Anyway, to make story short, I found that every MemoryCache instance will create as many CacheExpires as core count (Environment.ProcessorCount). Check
MemoryCache.Init and initialization of _storeCount and MemoryCache.InitDisposableMembers and allocating MemoryCacheStore. MemoryCacheStore creates CacheExpires and calls MemoryCacheStore. InitDisposableMembers that calls CacheExpires. EnableExpirationTimer and that will create timer. I didn’t find any way to disable it or prevent their creation.
To confirm my finding, I put breakpoint on MemoryCache creation and check how many timers it creates. I also executed following command:
!dumpheap -type System.Threading.Timer
And it confirms that many timers were created. And every 20 seconds they are executed one by one in quick succession. Most of our code uses MemoryCache.Default and there are two places that create new instance of MemoryCache. Many of our developers have at least 12 cores PCs and most has 16 cores. As result, only 3 instances of MemoryCache will create 48 timers on 16 core PC.
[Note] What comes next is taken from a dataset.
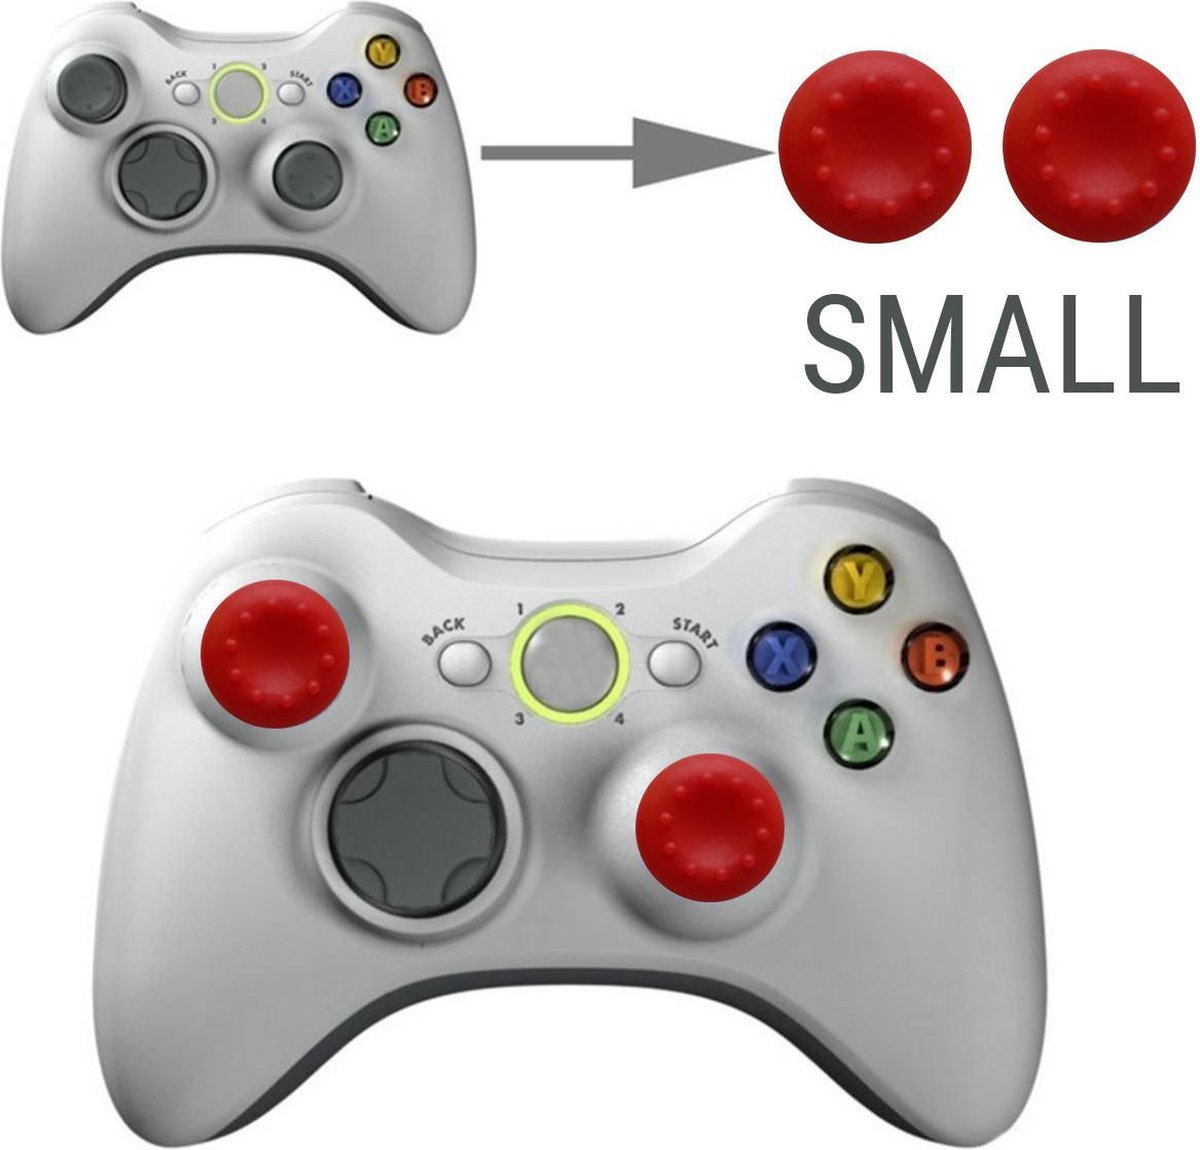 Thumb grips - Controller Thumbgrips - Joystick Cap - Thumbsticks - Thumb Grip Cap geschikt voor Switch, Switch Pro, PS4 en Xbox - 2 stuks Klein 10 dots extra grip Rood

I have no idea why Microsoft decided to create so many times, but I believe that it was from times when only servers had more then on processor and most expensive ones had 4 processors and this decision seems reasonable. But now it is possible to buy AMD Threadripper 3990X that is kind of desktop processor and it has 128 cores. And in that case .NET will create 384 timers and that looks kind of bad.
Well, all this quite interesting and fascinating. But why handles are leaking. It turns out that they are not realty leaking and eventually they will be picked up by GC. But if application does nothing there are not many allocations and as result GC will not be active most of the time. Another question why Thread pool retire extra threads in without dispose? I’m still investigating this question.